Posted to solr-user@lucene.apache.org by Naomi Dushay <nd...@stanford.edu> on 2012/02/23 19:56:39 UTC

autoGeneratePhraseQueries sort of silently set to false

Another thing I noticed when upgrading from Solr 1.4 to Solr 3.5 had to do with results when there were hyphenated words:   aaa-bbb.   Erik Hatcher pointed me to the autoGeneratePhraseQueries attribute now available on fieldtype definitions in schema.xml.  This is a great feature, and everything is peachy if you start with Solr 3.4.   But many of us started earlier and are upgrading, and that's a different story.

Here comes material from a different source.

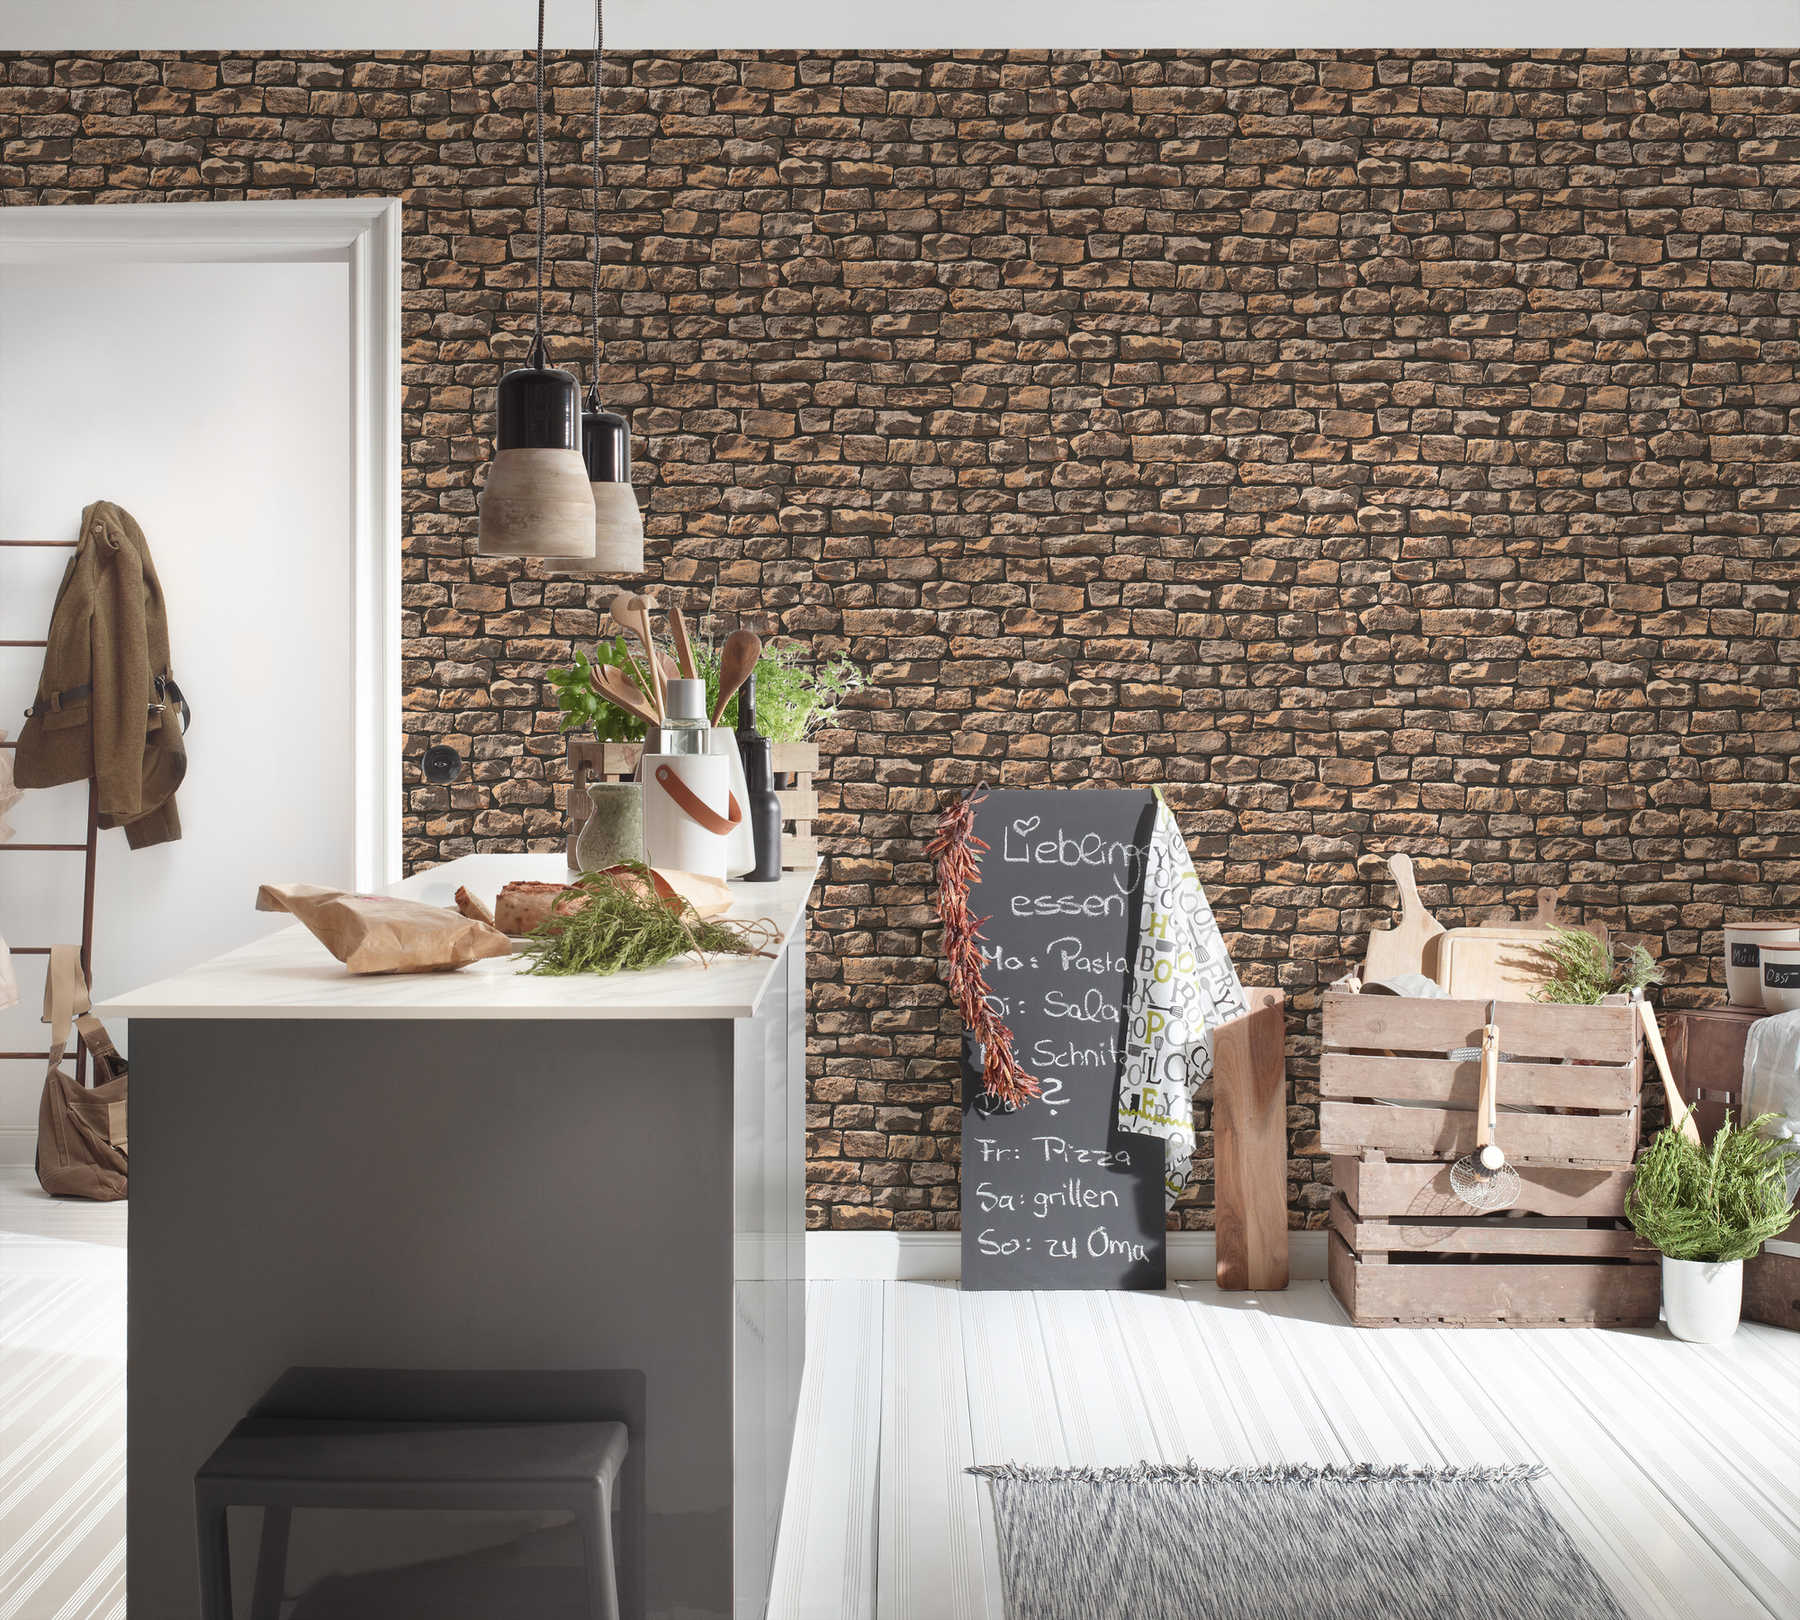             Mauerwerk-Tapete mit realistischen Natursteinen – Braun, Beige, Schwarz

It was surprising to me that

a.  the default for this new feature caused different search results than Solr 1.4 

b.  it wasn't documented clearly, IMO

http://wiki.apache.org/solr/SchemaXml   makes no mention of it


In the schema.xml example, there is this at the top:

<!-- attribute "name" is the name of this schema and is only used for display purposes.
       Applications should change this to reflect the nature of the search collection.
       version="1.4" is Solr's version number for the schema syntax and semantics.  It should
       not normally be changed by applications.
       1.0: multiValued attribute did not exist, all fields are multiValued by nature
       1.1: multiValued attribute introduced, false by default 
       1.2: omitTermFreqAndPositions attribute introduced, true by default except for text fields.
       1.3: removed optional field compress feature
       1.4: default auto-phrase (QueryParser feature) to off
     -->

And there was this in a couple of field definitions:

<fieldType name="text_en_splitting" class="solr.TextField" positionIncrementGap="100" autoGeneratePhraseQueries="true">
<fieldType name="text_ja" class="solr.TextField" positionIncrementGap="100" autoGeneratePhraseQueries="false">

But that was it.


RE: autoGeneratePhraseQueries sort of silently set to false

Posted by "Burton-West, Tom" <tb...@umich.edu>.
Thanks Erik,

The 3.1 changes document the ability to set this and the default being set to "true"
However apparently the change between 3.4 and 3.5 the default was set to "false"  
Since this will change the behavior of any field where autoGeneratePhraseQueries is not explicitly set, it could easily surprise users who update to 3.5. 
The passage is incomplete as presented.